The situation seemed a little worse at the Korea Aerospace University for the interviewee, Mr. Choo, actually personally witnessed a group of people cheating. “There was a professor who didn’t supervise properly and I heard that the students who were at the back managed to check each other’s answers. I was sitting at the front so I didn’t have a clue. But our school does try to prevent these kinds of cheating. Most of the professors check the students’ ID cards before the tests so it effectively prevents other people from taking a test for someone else. But the drawback is that when you become a senior, cheating becomes almost meaningless so some professors don’t bother.”
Considering other universities, they don’t really seem to have a clear-cut way of preventing cheating, but that does not allow cheating in the first place. The graph (below, at the right, at the left, above) shows that more than 50% of university students have had an experience of cheating, and that’s just the percentage of people who have cheated before - the average is probably something worse to know.

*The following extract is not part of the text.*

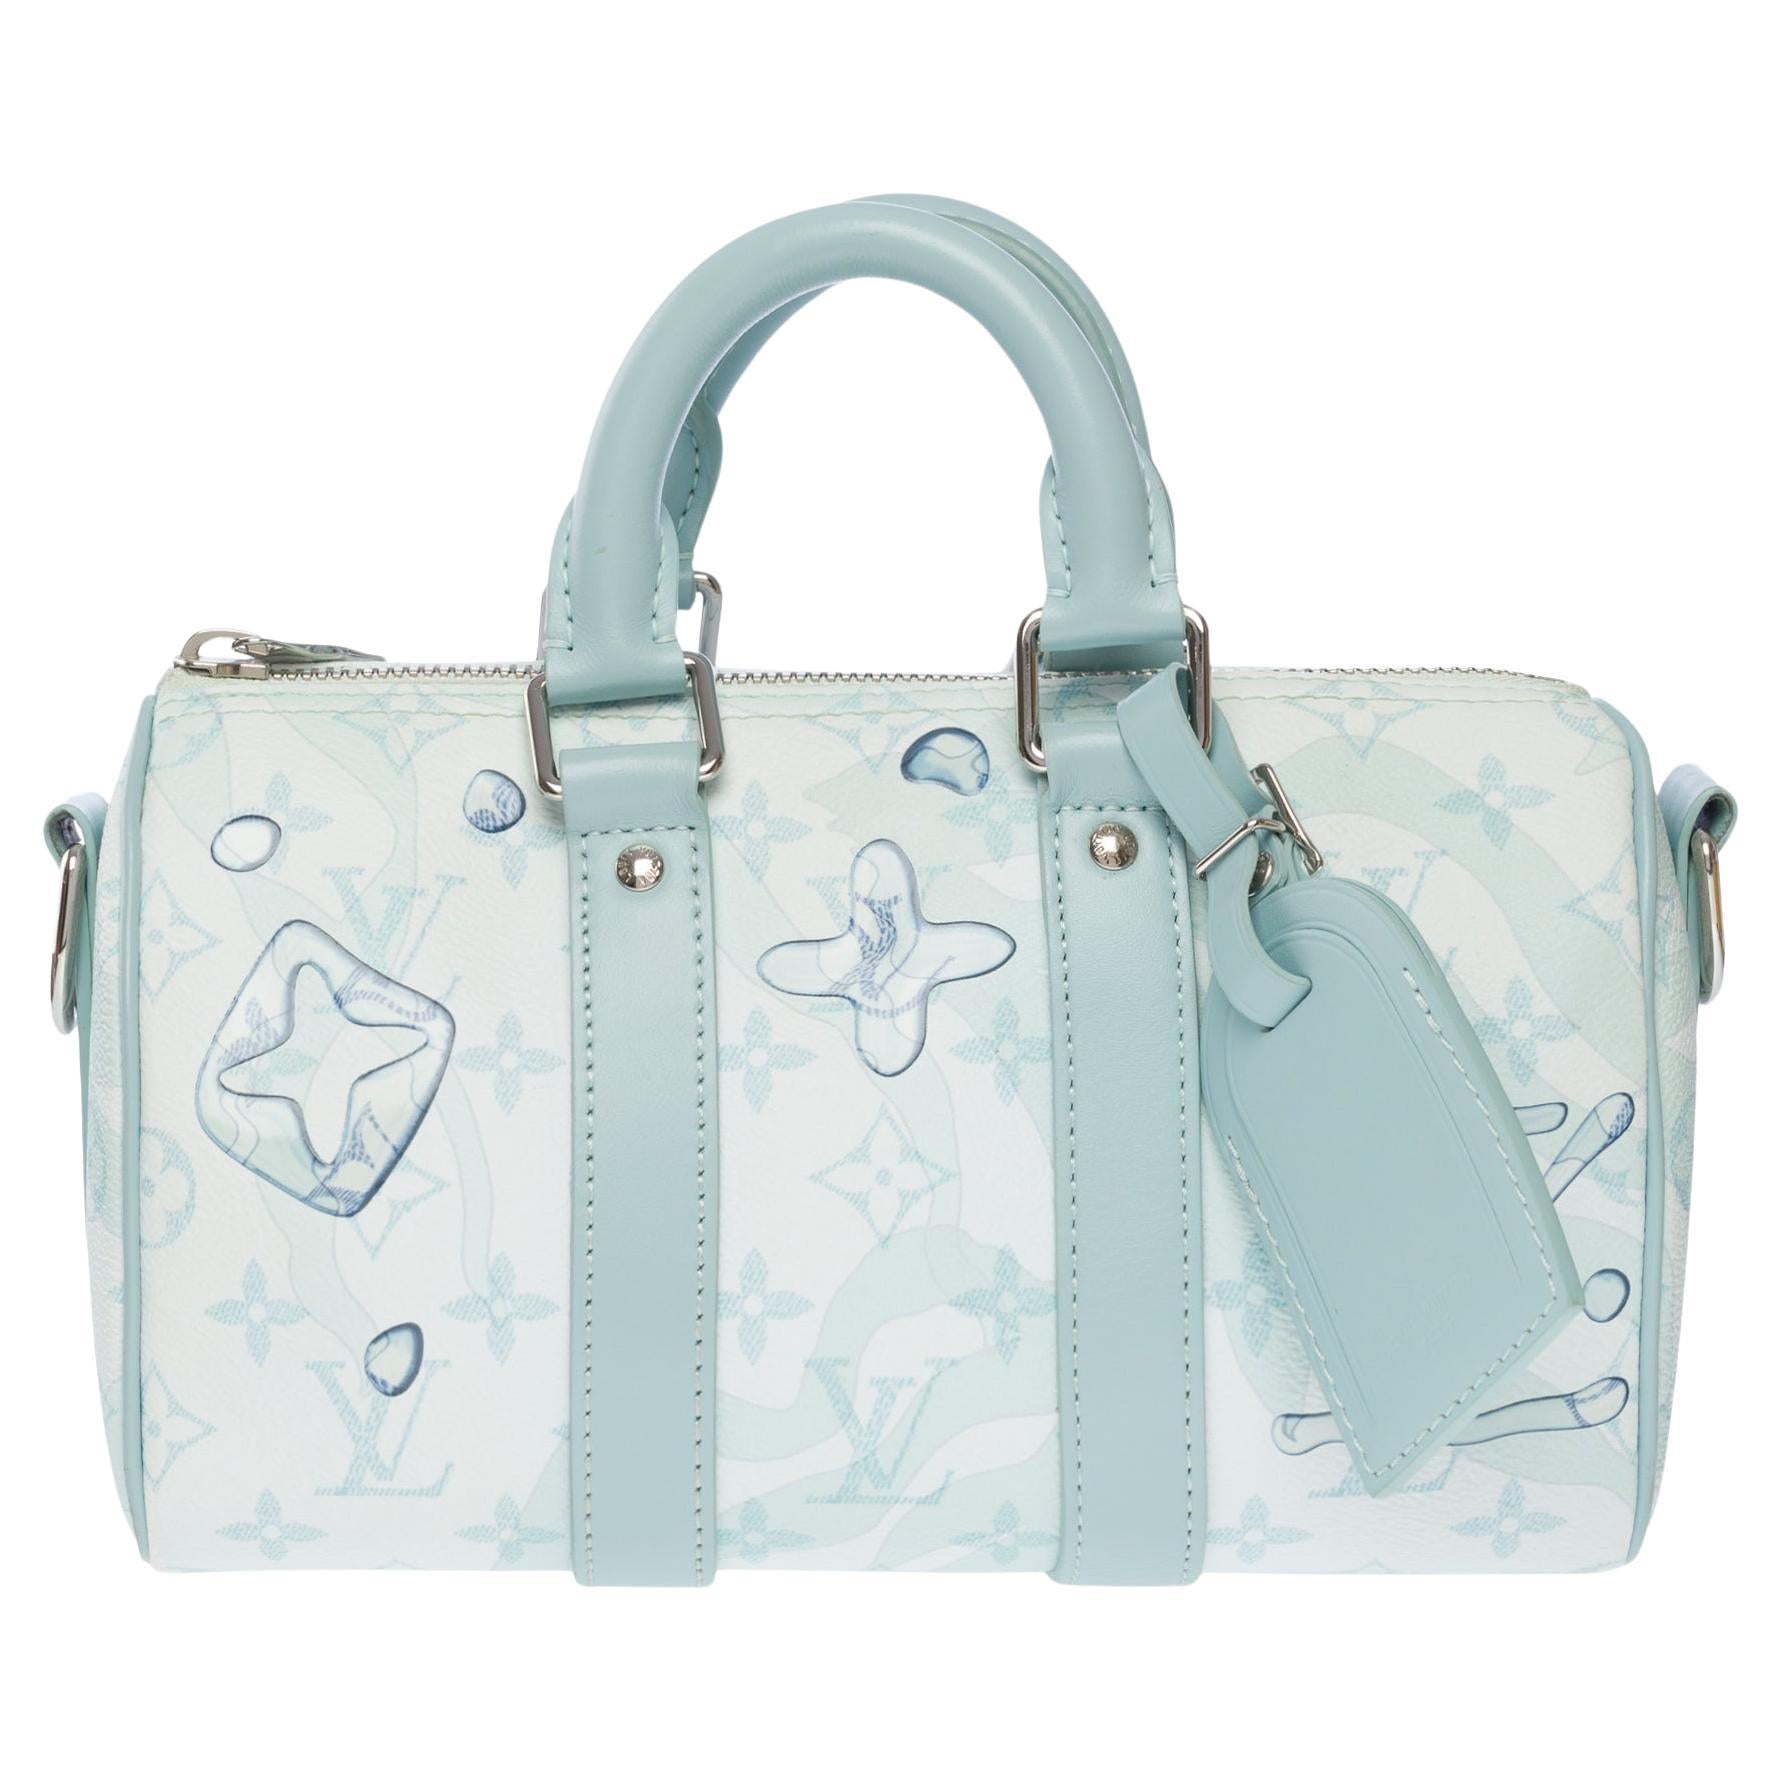 The Keepall Bandoulière 25 is fashioned from Monogram Aquagarden canvas, in which the LVs and Monogram Flowers appear to be covered by drops of water. The three-dimensional waterdrop effect is achieved with an innovative inkjet technique. This small

Focusing on CAU, the seriousness and the reality entirely lies in our CAU student’s conscience. However, that does not declare our exam system innocent. Anyone who hasn’t studied enough because of unavoidable or personally difficult-to-avoid circumstances always gets the sweet temptation to cheat. The degree of temptation differs entirely according to many different factors but the biggest factor would be how difficult it is to cheat. For instance, one can rarely find someone trying to cheat in the Su-nung exam; it would be almost impossible. Likewise, if the exams taken at CAU were difficult to cheat on, it wouldn’t be long until no one would even dream of cheating.
The cheating machine
There are many ways to cheat. Some use rather crude yet effective methods such as writing on their palms, fingernails, notes, erasers and so on. These are actually quite difficult to detect if you can’t see the person’s hands or check their pencil cases. But also, ever since mobile phones had the text messaging technology, there have been many ways to cheat by using electronic devices. Some might say that smartphones are the most dangerous. Actually they are so dangerous that most supervisors tend to prevent students from using them. The dangerous devices are those that students are allowed to use such as the scientific calculator.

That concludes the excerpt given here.